Later on, when I arrived in Medellín and started university, I went through something similar. I didn’t feel comfortable in the spaces where my classmates hung out; I was used to meeting up to dance, and in Medellín people gathered to talk and drink. In the queue in the cafeteria, people used to pull my hair to see if it was real. I didn’t really know how to dress now I was a student, and I always felt awkward. I only realise that now. The change wasn’t so obvious in my body at that age, but essentially it was the same thing: I was growing.

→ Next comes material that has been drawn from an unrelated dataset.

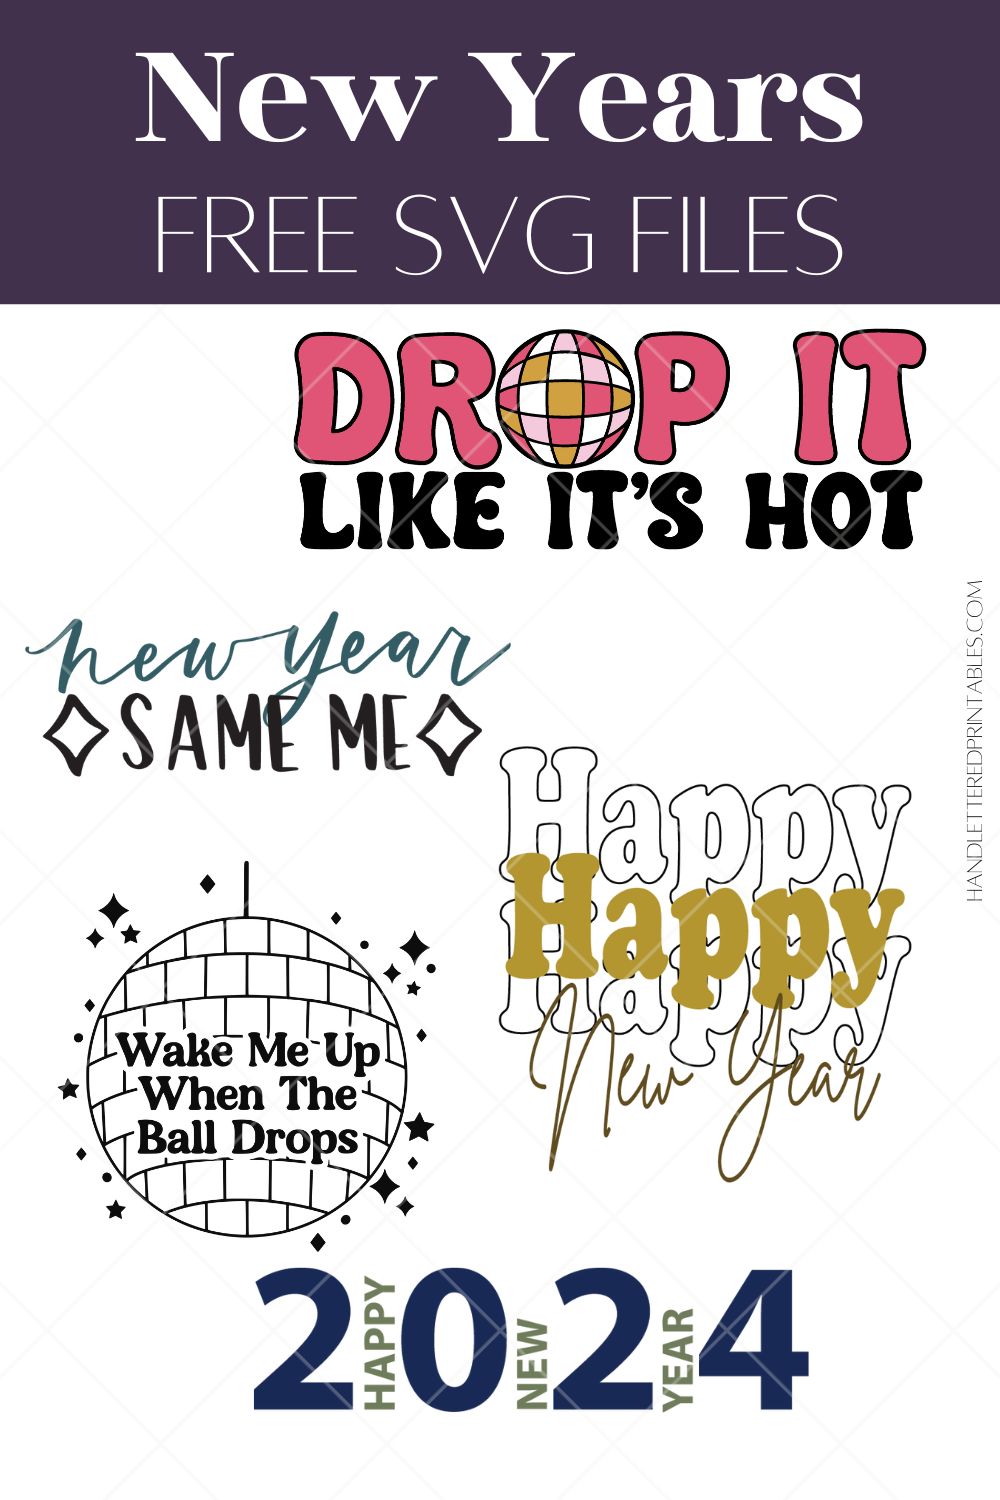 New Years Eve Shirts SVG designs on white background in collage

Now Motete is growing, and since I’m in charge, or since, in a way, Motete and I are one and the same, I feel that familiar sense of measuring myself anew, getting to grips with my size all over again.
I’m not sure of the dimensions and that puts me at great risk of being clumsy, of stumbling and falling, but now falling doesn’t just mean making my classmates laugh: it means risking what I’ve decided is my life’s work.
I have a terrible fear of breaking things. And I worry that other things, like my clothes when I was twelve, don’t fit me. It’s scary not knowing how to divide my attention: I might waste time getting used to my new size, and meanwhile other situations might slip through my fingers.
In physical terms, Motete is bigger. We’ve taken the second floor of the building for another 500,000 pesos, and that’s where we’ve put the kitchen for preparing snacks and lunches, as well as the offices and cake-making area. I have a lovely office, full of natural light, where I feel like I can think better, be by myself a little, read in peace. I’m just finishing making it beautiful.
I think a lot about which things we need to do and which we don’t. About what we want to grow towards.
For now, I hope these growing pains, the kind that follow any big change, don’t hit me too hard this time around.